Two Venomous Snakes That Evolved Separately Are Strikingly Similar
Gerard LeBlond for redorbit.com – Your Universe Online
North American and Australian snakes evolved independently, but into similar body types over millions of years. These snakes are stout-bodied and highly camouflaged, which help them move and ambush prey more efficiently. As well, these rattlesnakes of North America and death adders of Australia are slender, fast-moving burrowers.
A phenomenon called convergence is where two species evolve independently, but feature similar body forms in response to ecological conditions. Although the snakes are similar in appearance, a new study shows that look-alike snakes on two different continents differ in one major characteristic: their diet.
The paper’s authors are Michael Grundler and co-author Daniel Rabosky, both from the University of Michigan. Rabosky is an evolutionary biologist and Grundler is a doctoral student. They published the paper online, June 10 in the journal Proceedings of the Royal Society B.
“Most biologists tend to assume that convergence in body form for a group of organisms implies that they must be ecologically similar. But our study shows that there is almost no overlap in diet between many of the snakes that are morphologically very similar,” Rabosky explains.

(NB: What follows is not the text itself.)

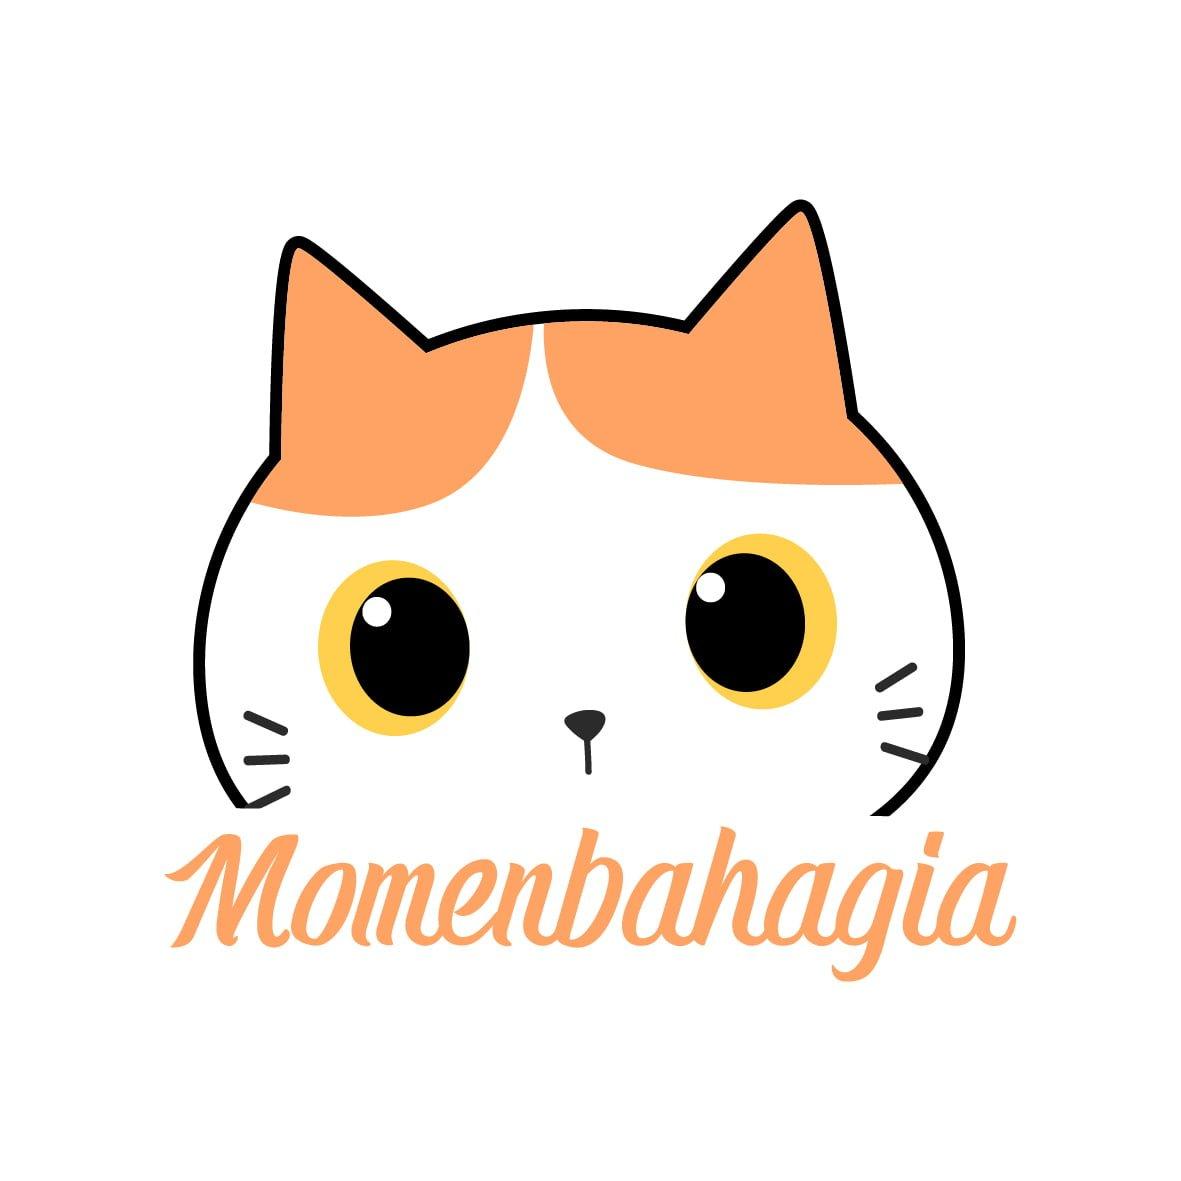 MomenBahagia

There are at least seven distinct groups of advanced snakes in North America. One major group, the elapids, inhabited Australia around 12 million years ago. Elapids include king cobras, coral snakes, mambas and kraits. They have hollow, fixed fangs for injecting venom and are found worldwide.
Elapids from Australia evolved over millions of years in a process called adaptive radiation, splitting into about 100 different species of snakes, including some of the most venomous species — taipans, brown snakes, death adders and tiger snakes. During this process, the Australian snakes evolved into similar body forms as the North American snakes.
For the study, Grundler and Rabosky compared the snakes by analyzing 786 specimens characterizing 248 different species from the University of Michigan Museum of Zoology, the Field Museum of Natural History and the Western Australian Museum.
“We found that the morphologies of Australia elapid snakes have evolved into the same types of body forms seen across a much more diverse set of snakes from North America. For example, Australia has the death adder, a stout-bodied ambush predator that looks, for all practical purposes, like a typical viper,” Grundler said.
“Vipers are a family of fanged, venomous snakes that includes pit vipers such as rattlesnakes, copperheads and bushmasters. But the death adder is not a viper and is in fact much more closely related to other Australian elapid snakes, most of which look nothing like vipers,” he added.
The two researchers studied literature on the feeding habits of snakes on both continents, which were placed into eight categories: invertebrates like insects, earthworms, mollusks and crustaceans; fish; amphibians; lizards and snakes; lizard and snake eggs; birds; bird eggs; and mammals.
The findings suggest the Australian and North American snakes are similar in appearance, but differ substantially in their diet. In North America, small snakes living in sand eat spiders, scorpions, slugs and centipedes, while the similar snake in Australia, mainly feeds on lizards and other snakes.
The authors believe the physical similarities are a reflection of evolutionary advantages for locomotion, foraging or habitat use.